(Material for this exercise Opens)

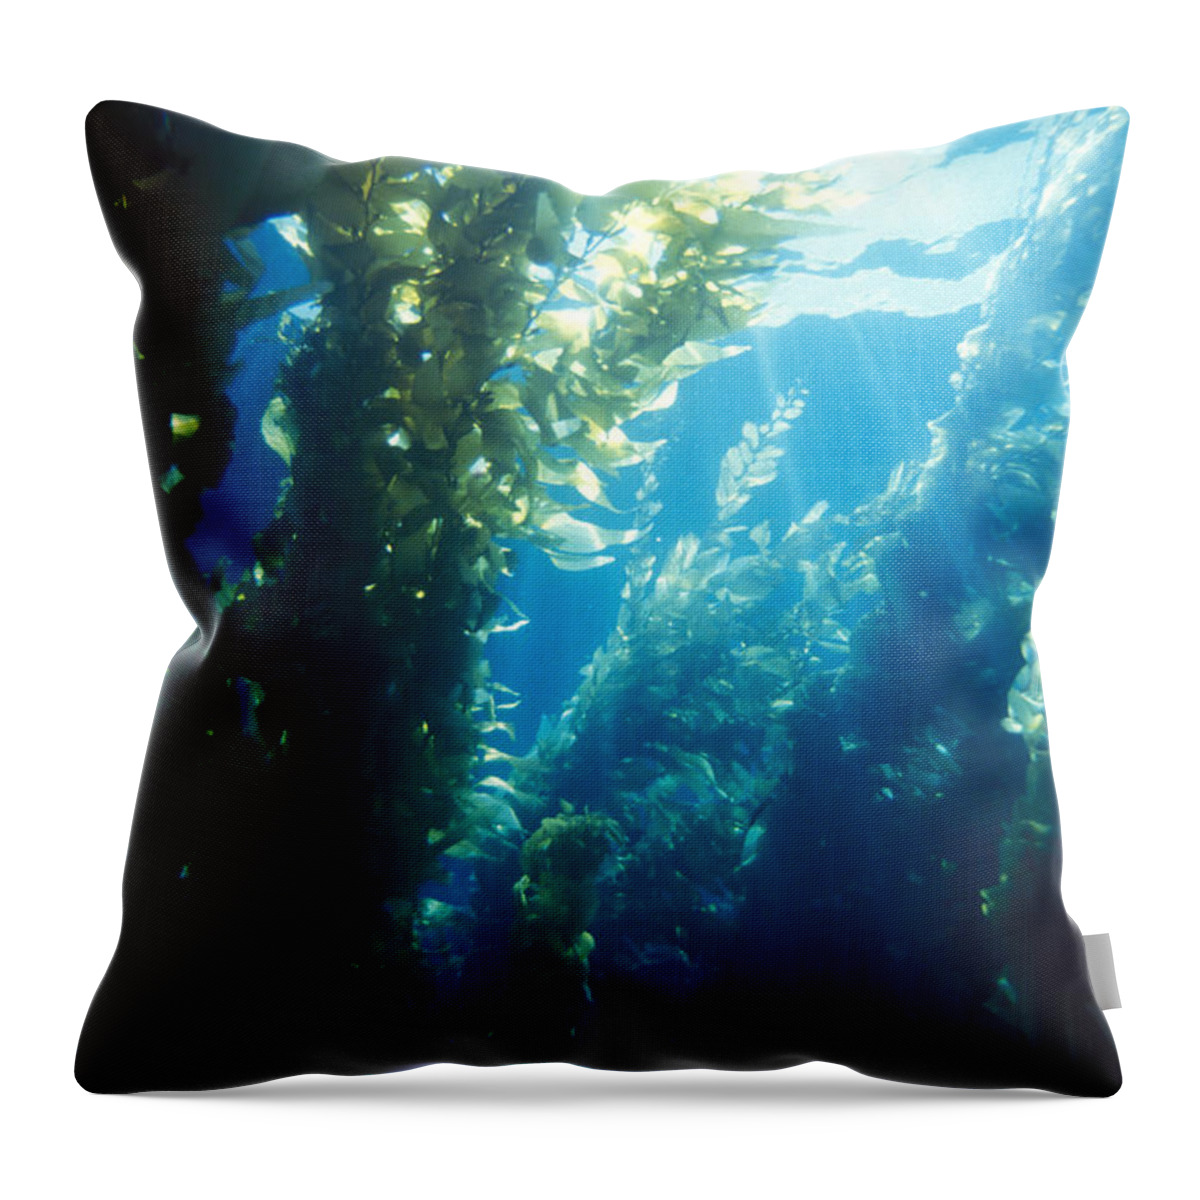 Algae Throw Pillow featuring the photograph Forest Of Giant Kelp by Greg Ochocki
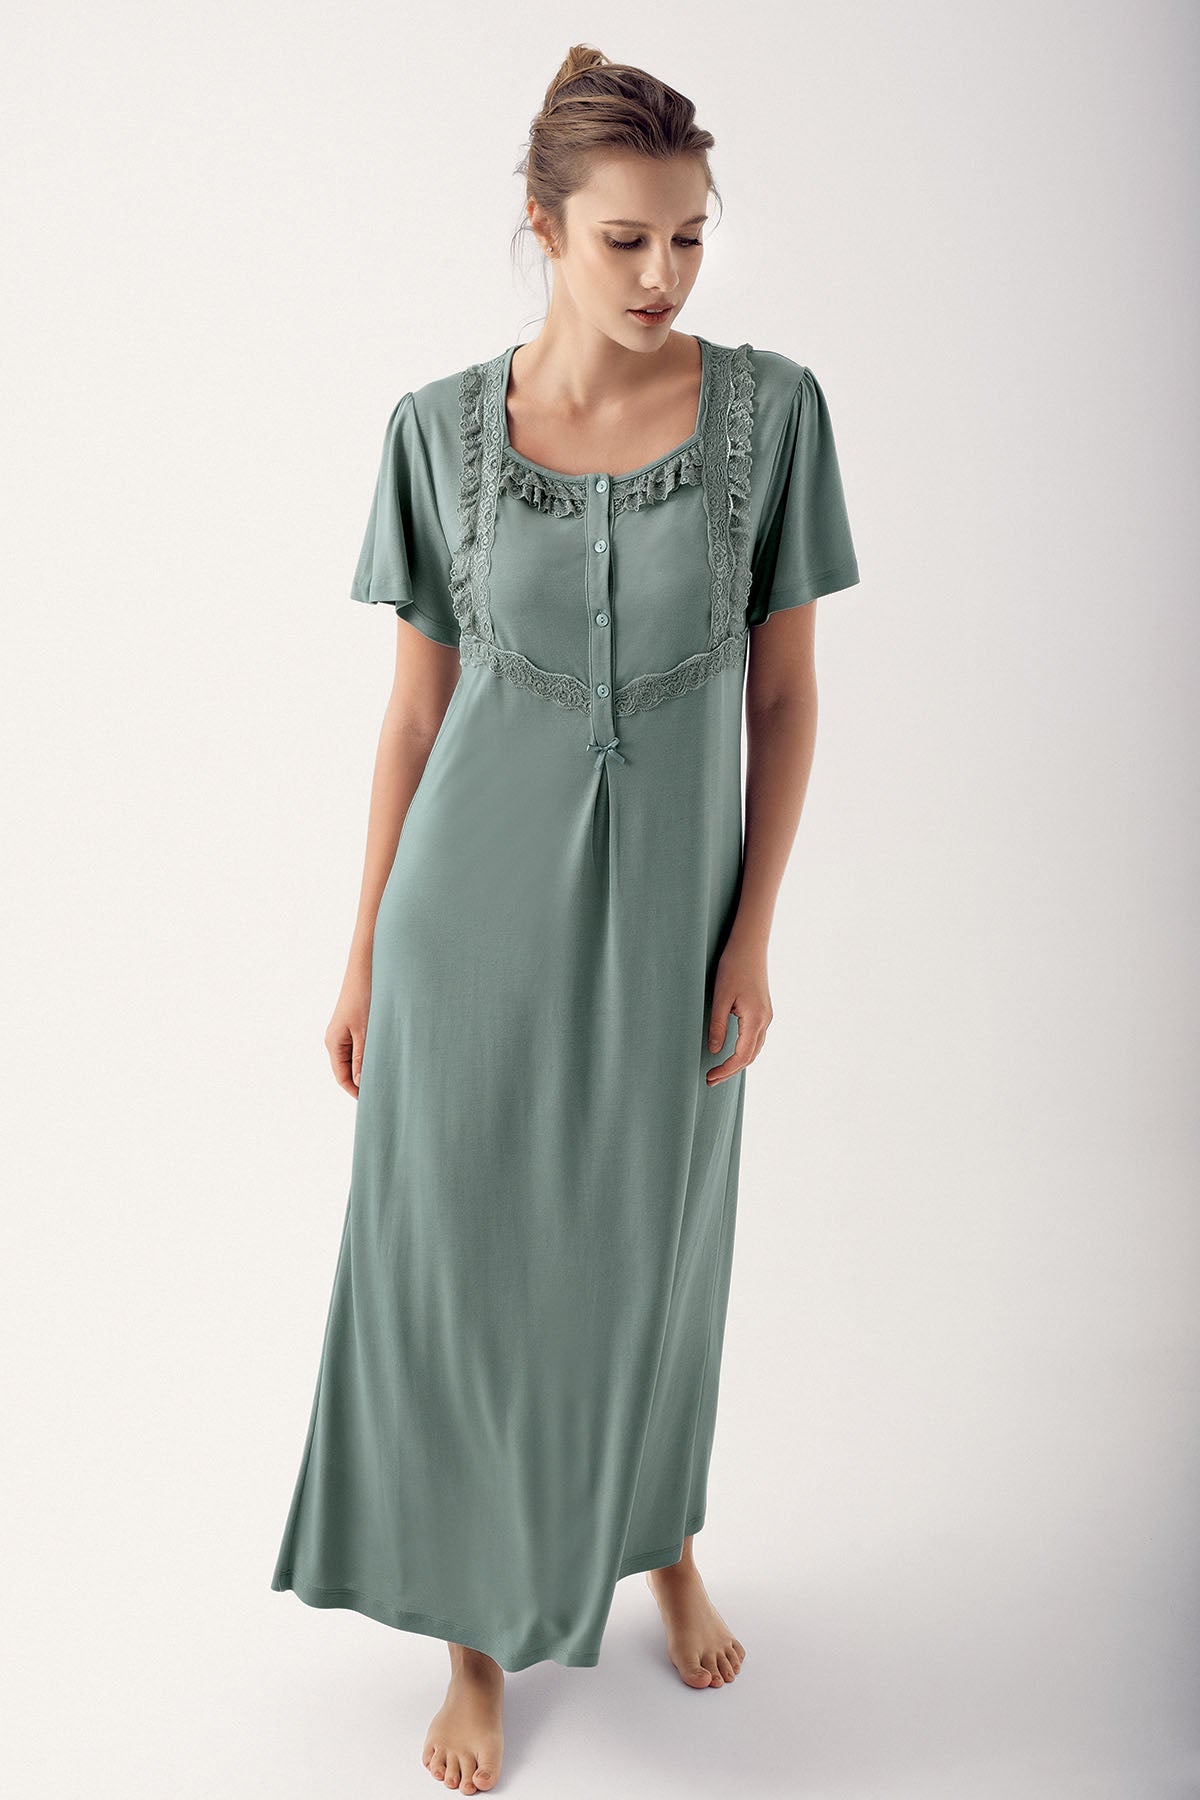 Square Collar Lace Plus Size Maternity & Nursing Nightgown Green - 14110
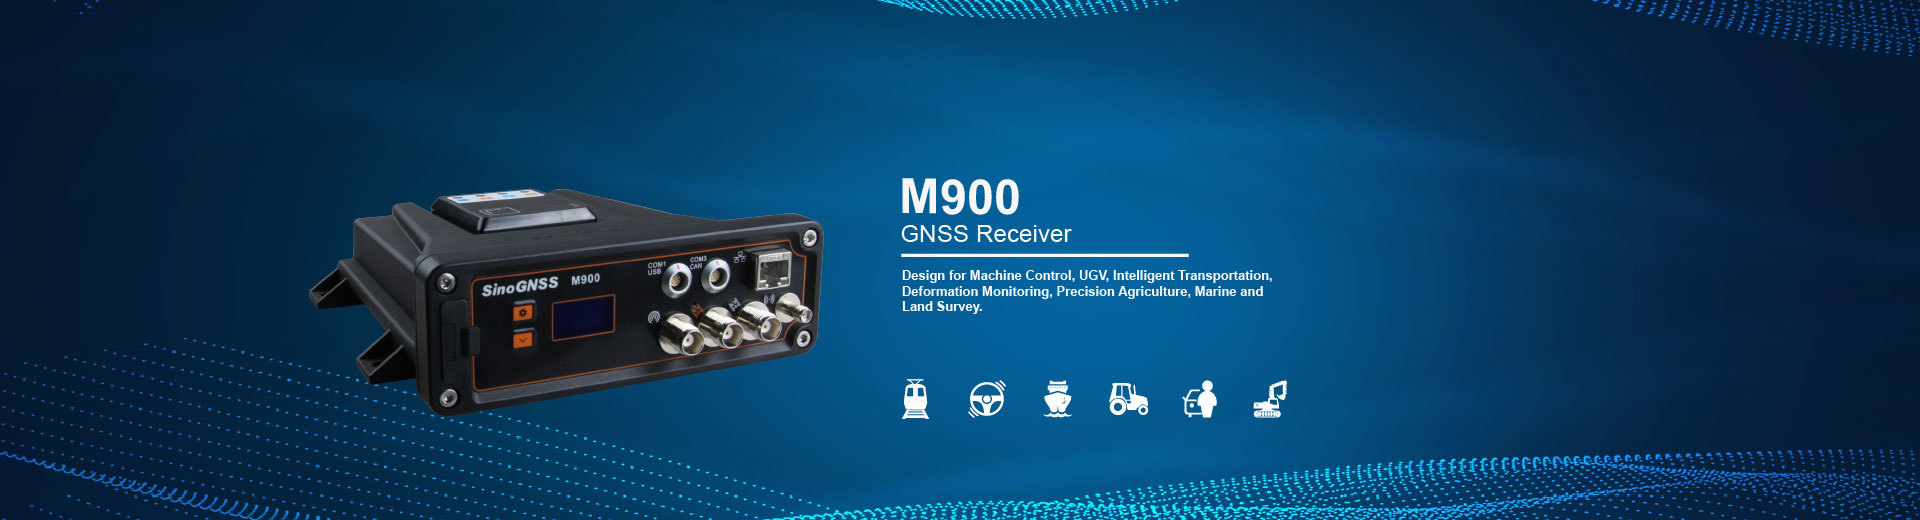 M900 GNSS Receiver
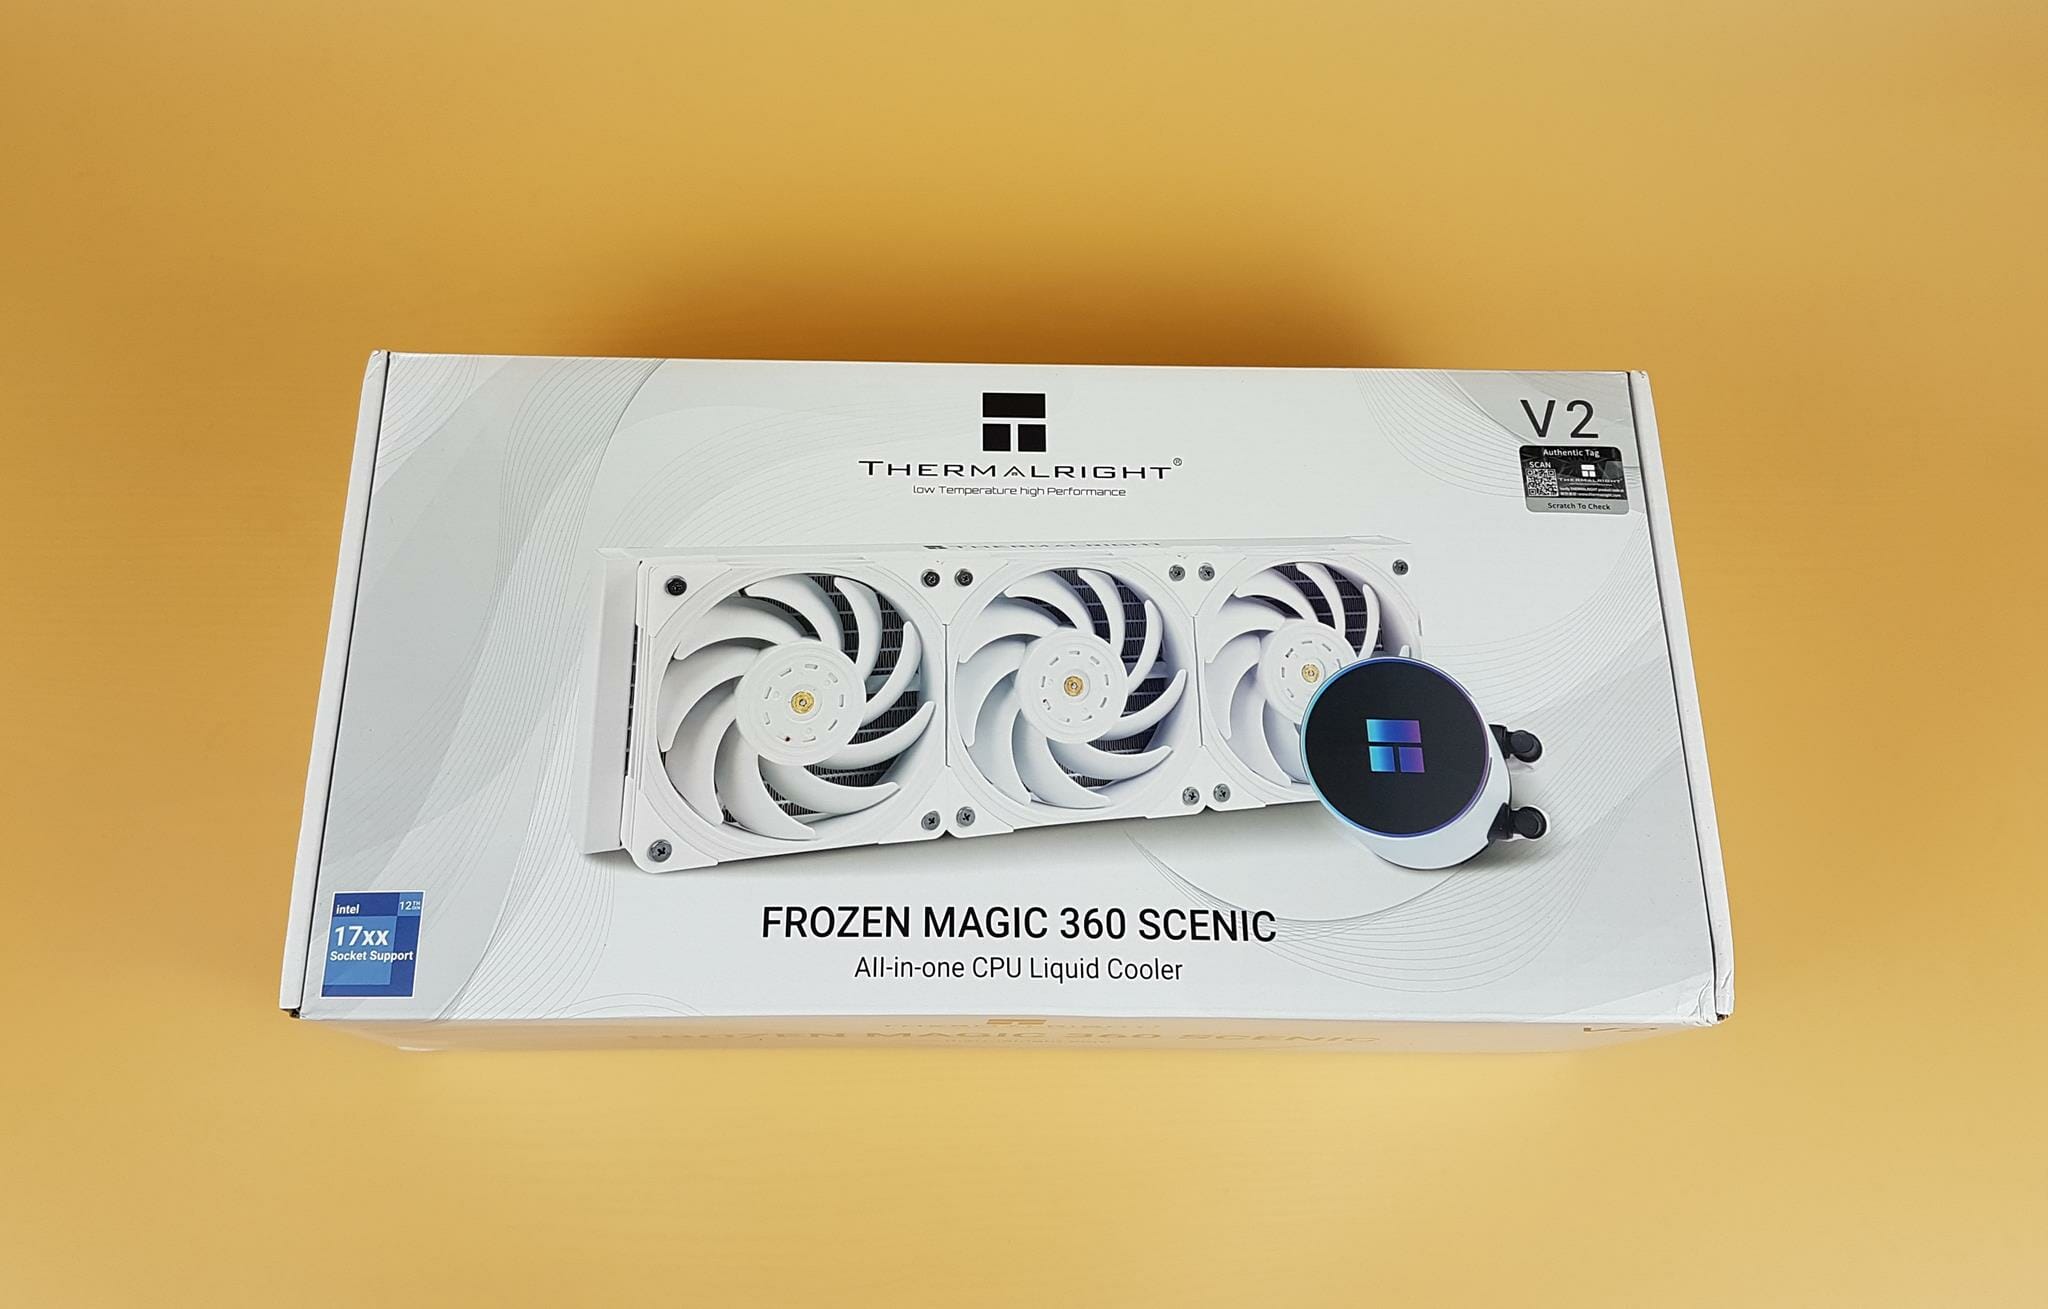 Thermalright Frozen Magic 360 Scenic Packing Box 1
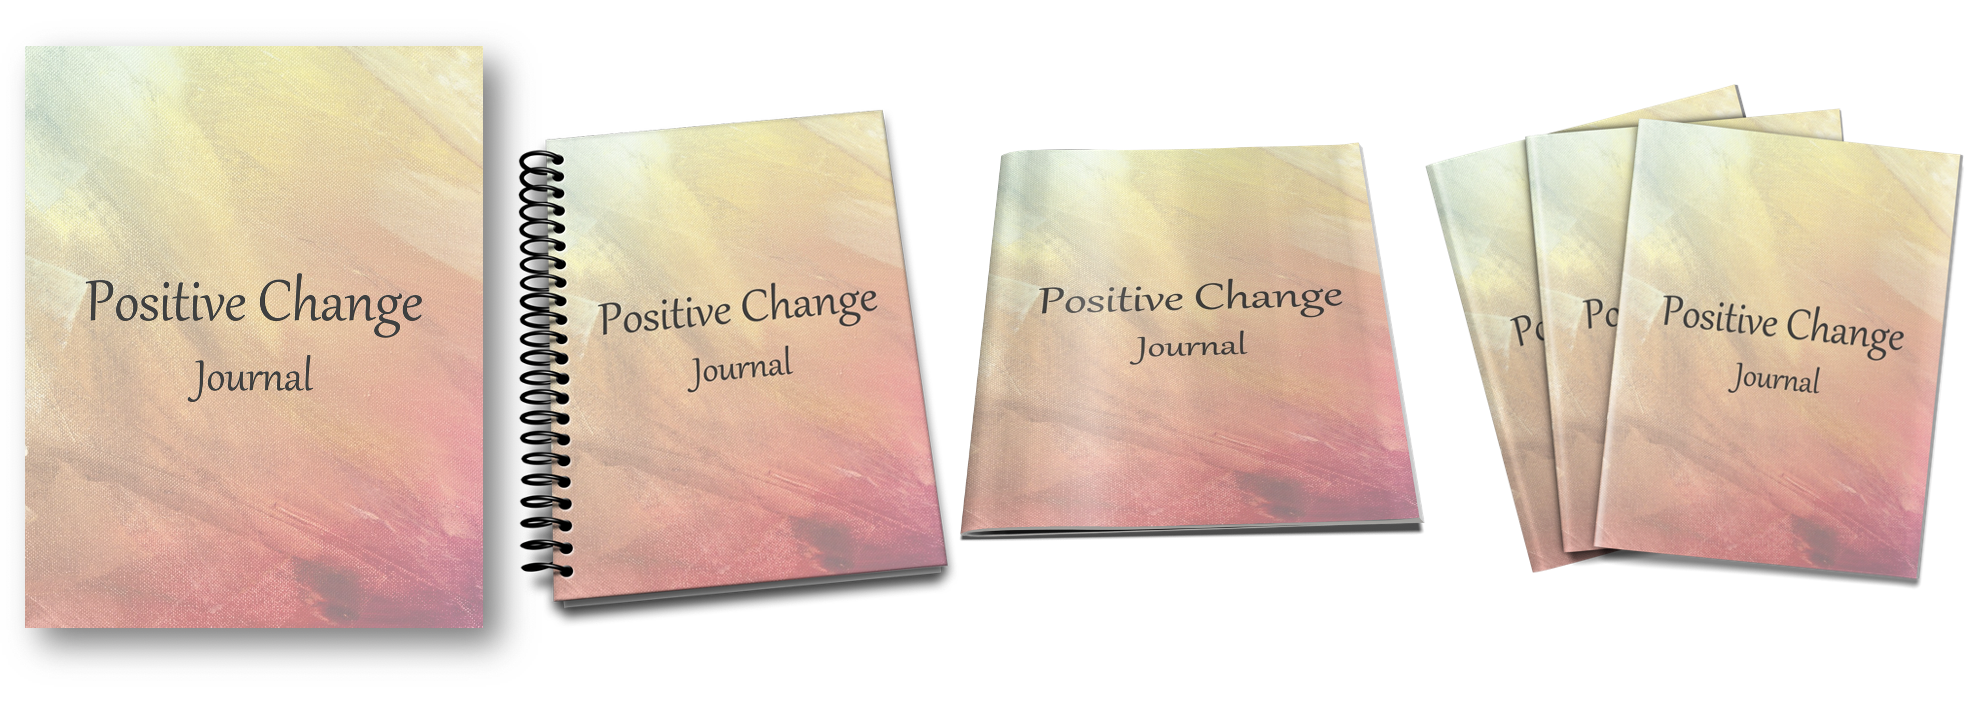 PLR Journal Covers Included

(Material for this exercise Closes)

Task to carry out - Your answer should hold only the lines from the line with "Thermalright Frozen Magic" through the closing line of the records, restated exactly and free of pictures.

Written solution -
 Thermalright Frozen Magic 360 Scenic Packing Box 1
 PLR Journal Covers Included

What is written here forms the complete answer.